Purpose of review
The aim of this study was to evaluate the potential role of genetic testing, particularly next-generation DNA sequencing, in diagnosing and managing dyslipidaemias, particularly monogenic dyslipidaemias.
Targeted DNA sequencing of the genes causing monogenic dyslipidaemias is becoming more accessible. Some societies’ position statements advise selective utilization of DNA testing in combination with clinical and biochemical assessment. However, high-quality peer-reviewed evidence showing that a DNA-based diagnosis impacts upon long-term patient outcomes is currently lacking. Nonetheless, we show anecdotal examples of tangible clinical actions following from a genetic diagnosis. In any event, care must be taken when interpreting genetic reports. We strongly feel that expertise in both genetics and dyslipidaemias is required to adequately interpret and report results to patients, as well as to make informed treatment decisions that can have a potential lifelong impact.
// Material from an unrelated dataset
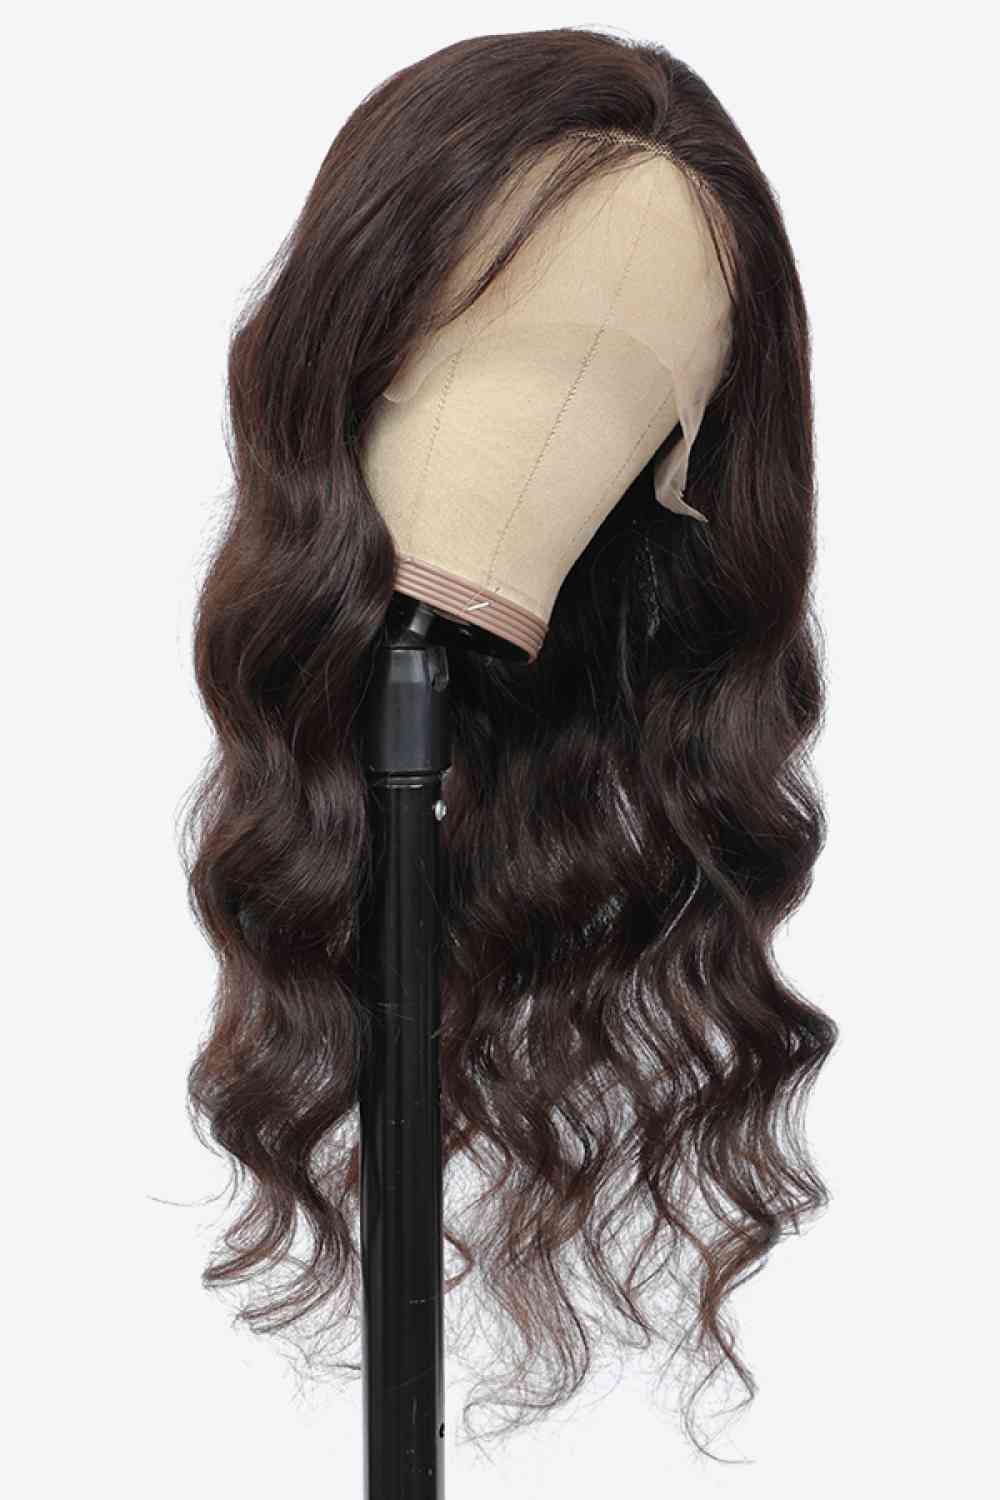 Brazilian Remy 20" 13x4 Lace Front Wigs Body Wave Human Virgin Hair Natural Color 150% Density

There are some examples of monogenic dyslipidaemias for which having a molecular diagnosis might beneficially affect patient outcomes, for example certain cases of suspected familial hypercholesterolemia, familial chylomicronemia syndrome, sitosterolemia or lysosomal acid lipase deficiency. In general, we recommend limiting genetic testing to selected cases of monogenic dyslipidaemias. Finally, we advise that there is currently no proven clinical benefit in testing for polygenic dyslipidaemias.